* Work instructions: Restate, word for word and with no pictures, the stretch of lines in the data below that begins at the line with "Spetebo Weihnachtspyramide XXL" and ends at the line with "Star trek kelvin", inclusive.

* Record set:
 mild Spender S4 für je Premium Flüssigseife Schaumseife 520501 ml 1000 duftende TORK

* * *

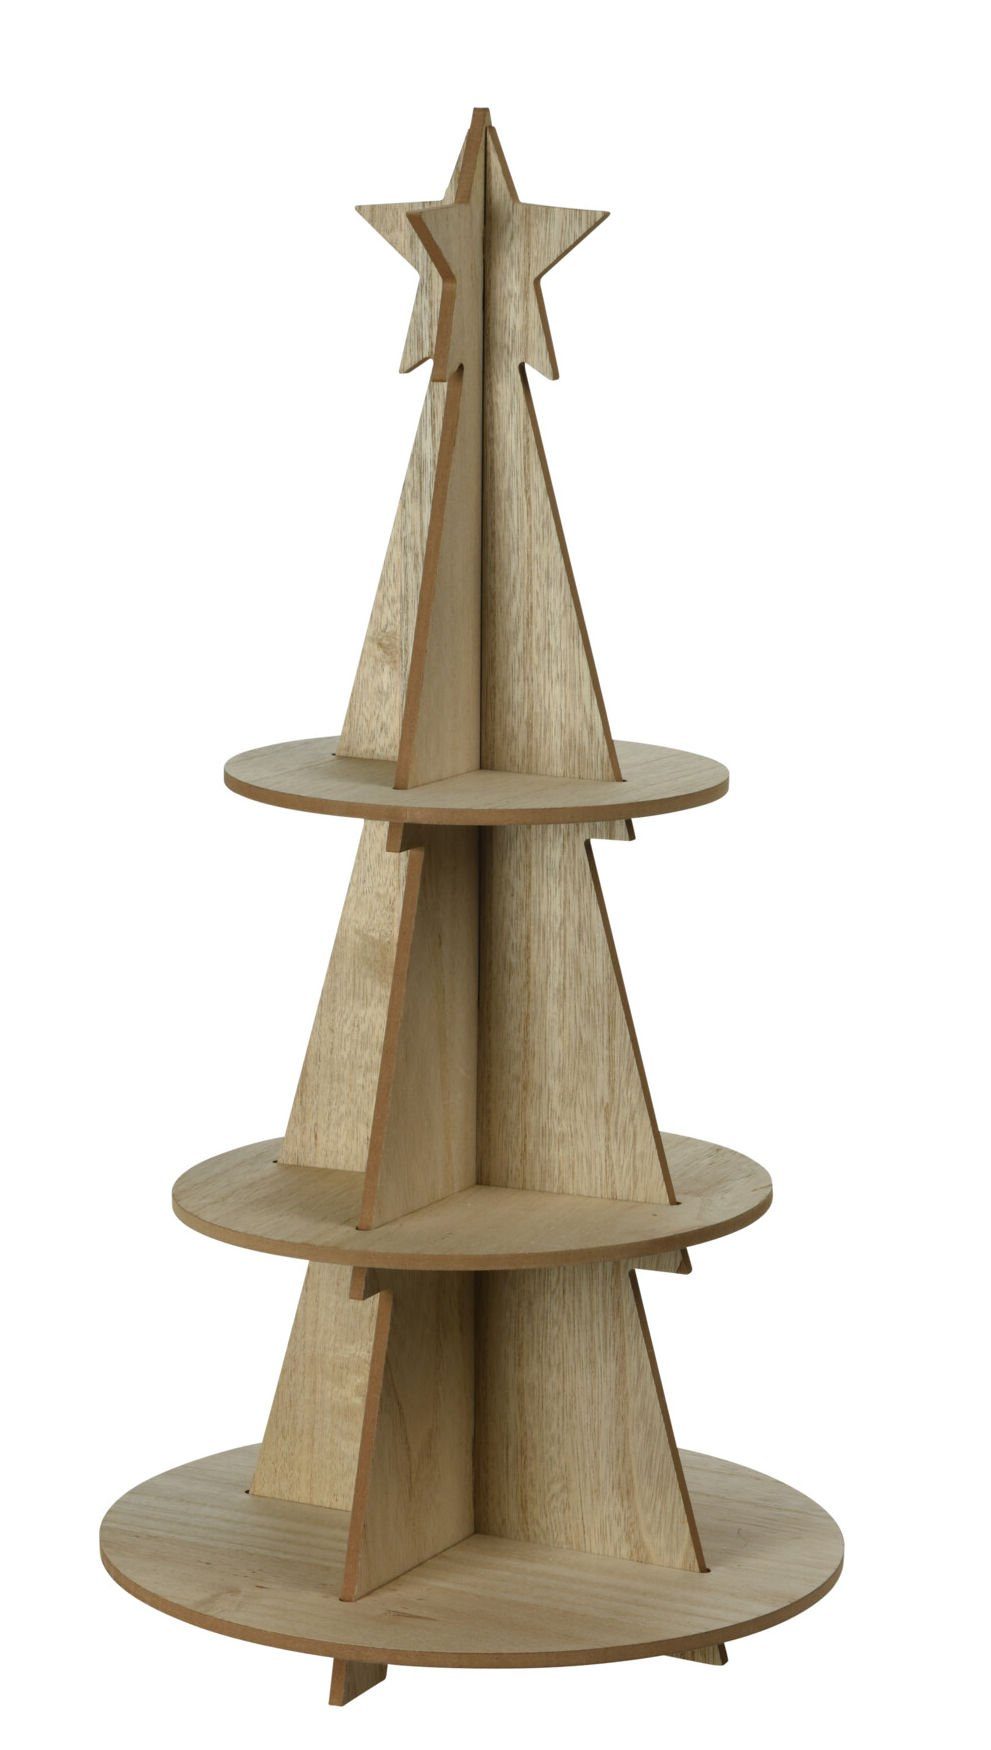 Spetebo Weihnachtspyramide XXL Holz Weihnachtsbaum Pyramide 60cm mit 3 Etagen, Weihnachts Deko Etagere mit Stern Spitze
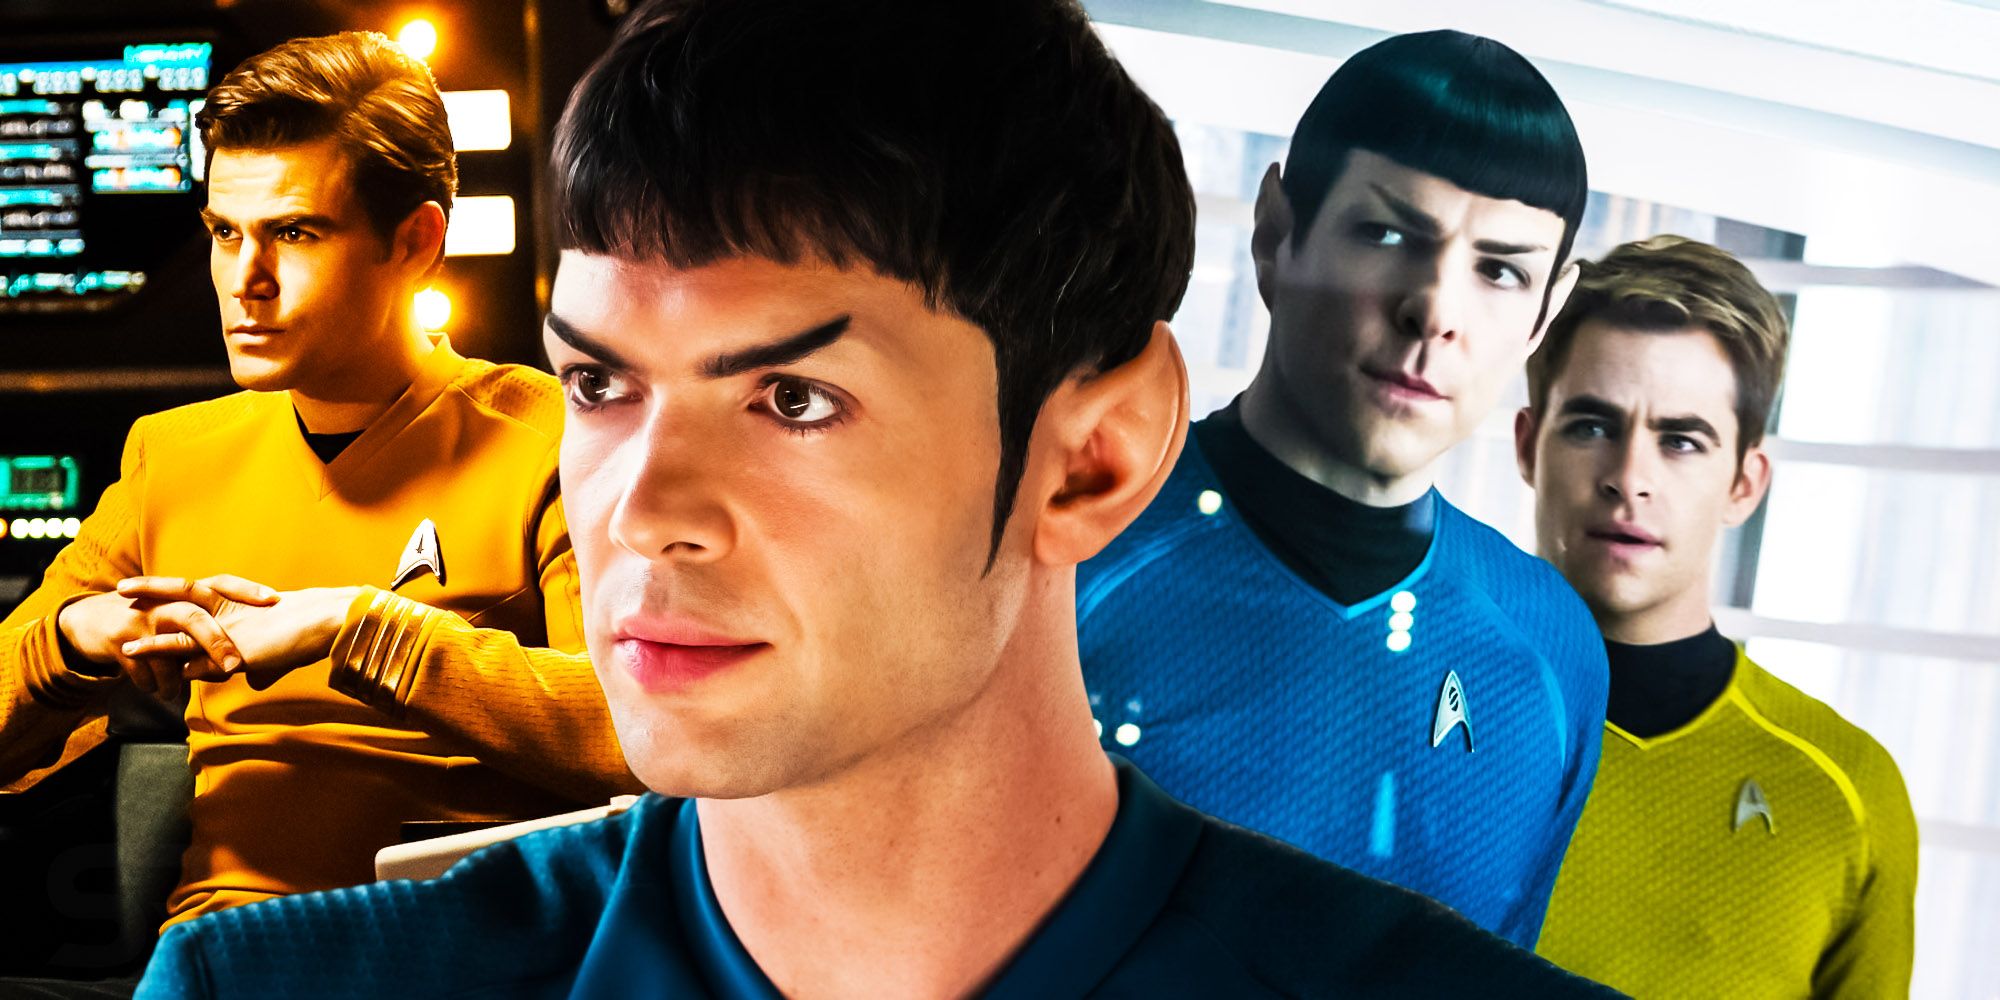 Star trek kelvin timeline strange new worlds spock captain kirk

* Task solution:
 Spetebo Weihnachtspyramide XXL Holz Weihnachtsbaum Pyramide 60cm mit 3 Etagen, Weihnachts Deko Etagere mit Stern Spitze
 Star trek kelvin timeline strange new worlds spock captain kirk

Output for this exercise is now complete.